The guardrails are the product, not an afterthought. The assistant is tenant-isolated and permission-aware, so it can only see what the signed-in user is allowed to see — a crew record's rank and sign-on status, never another company's data. It runs on enterprise-grade foundation models with EU data residency, and your data never trains a model. Every interaction is audited. Quick, Balanced and Deep tiers let a user trade speed for reasoning depth over that same private data — never a web search. None of that is glamorous. All of it is what separates an assistant you can put in front of a fleet from a demo you can only put on a slide.
The bottom line
The short version, for anyone skimming:
- AI in ship management today is retrieval, drafting and question-answering over your own data — not autonomy.
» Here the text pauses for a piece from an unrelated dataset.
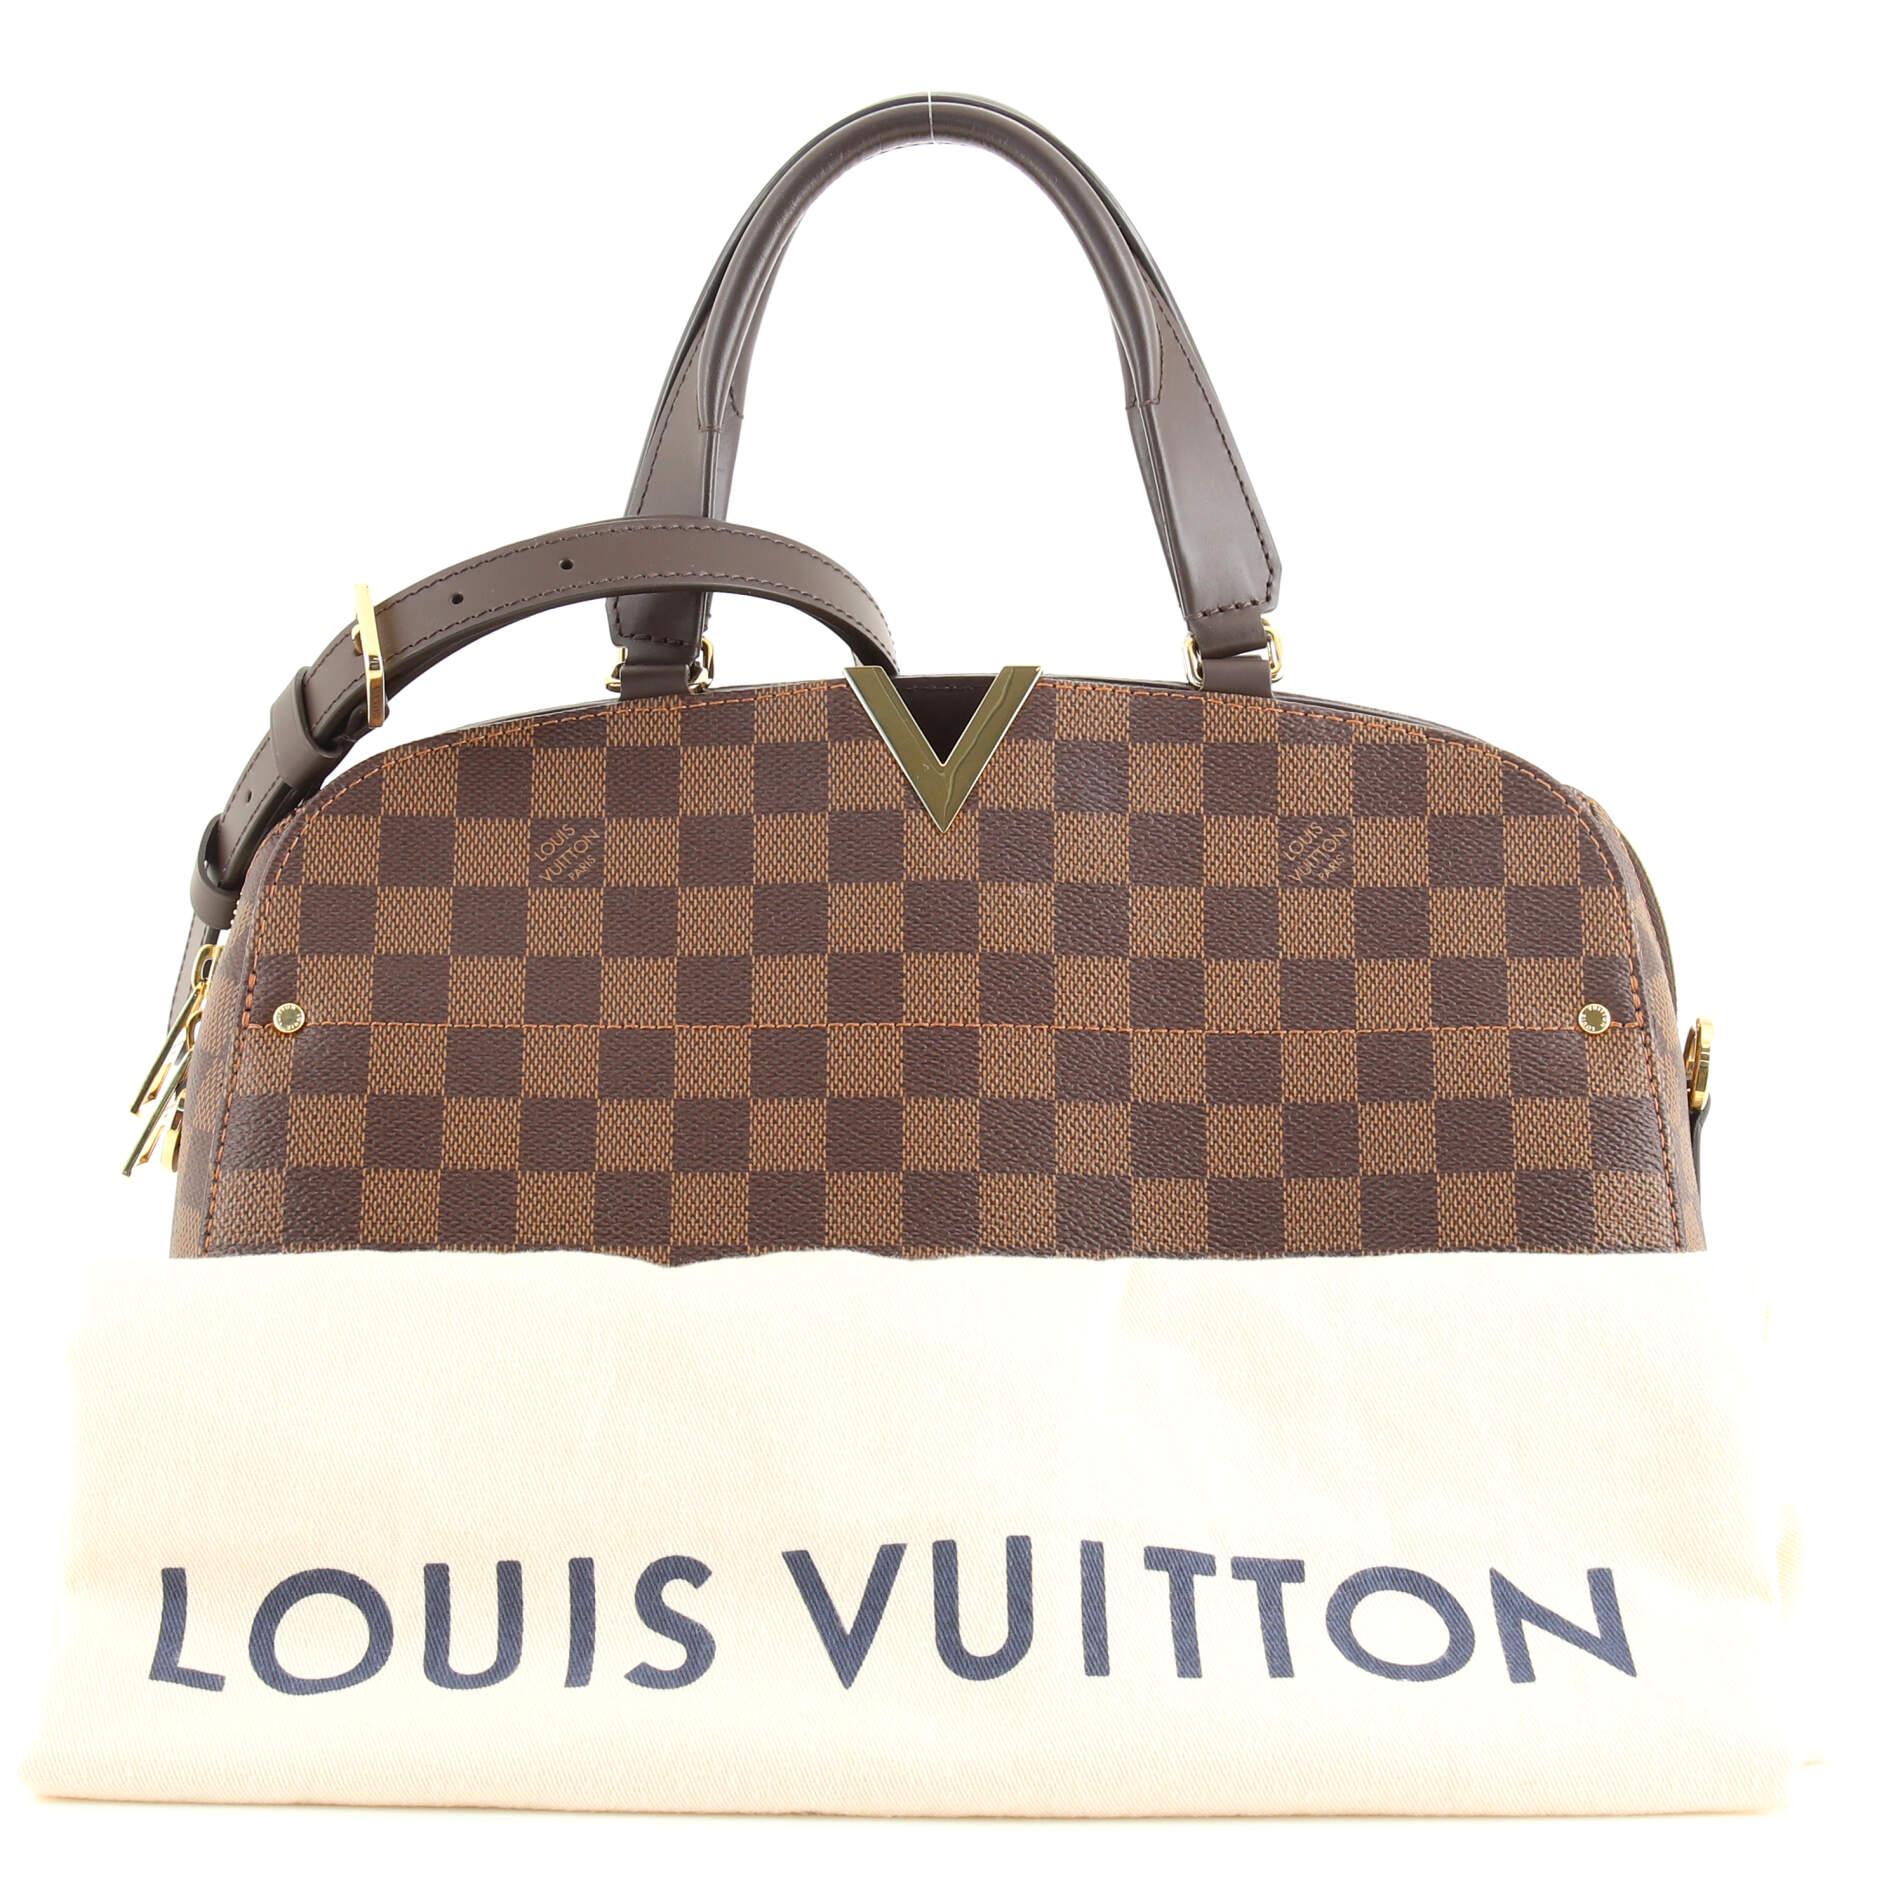 Louis Vuitton Kensington bowling bag

- The credible operating model is co-pilot, not autopilot: the machine proposes, a named human decides. Seventy percent of the industry agrees.
- Grounding and citations are non-negotiable. If an answer has no source, assume it was invented.
- Your assistant is only as good as your data. Fix incompleteness, inconsistency and format chaos before you buy anything.
- One grounded assistant over unified data beats a zoo of single-purpose bots that cannot talk to each other.
- AI does not replace judgement, act without approval, or see anything your systems do not already hold.
Frequently asked questions
Is AI in ship management safe to rely on?
Only as a co-pilot. The strongest maritime-specific study, from DNV and SINTEF, found language models are not yet mature enough for safety-critical use without human oversight, and that final decisions must stay with human experts. Used as a drafting and retrieval aid with a person confirming every output, it is safe and genuinely useful. Used as an unsupervised decision-maker, it is not.
Does maritime AI need clean data to work?
Yes, completely. DNV calls data the backbone of any AI system and is blunt that poor-quality data does not work with AI. Incomplete logs, inconsistent naming and clashing data formats all produce confident, wrong answers. The realistic sequence is to fix data management first, then choose a platform — not the reverse.
Will AI replace superintendents and crew?
No, and the people doing the work do not want it to. In the Beyond the Hype survey, 66% worried that overreliance on AI would erode human expertise, and 70% insisted humans keep the final decision. AI removes the blank-page and needle-in-a-haystack work — drafting reports, finding the relevant clause or the overdue job. The judgement, and the accountability, stay human.
What is the difference between a single-purpose bot and a grounded assistant?
A single-purpose bot answers one narrow question from one system and cannot see the rest of your operation. A grounded assistant retrieves across your unified data — maintenance, procurement, crew, HSEQ — cites its sources, respects each user's permissions, and drafts changes a human approves. Real questions span departments, so the unified, grounded approach answers what a collection of disconnected bots cannot.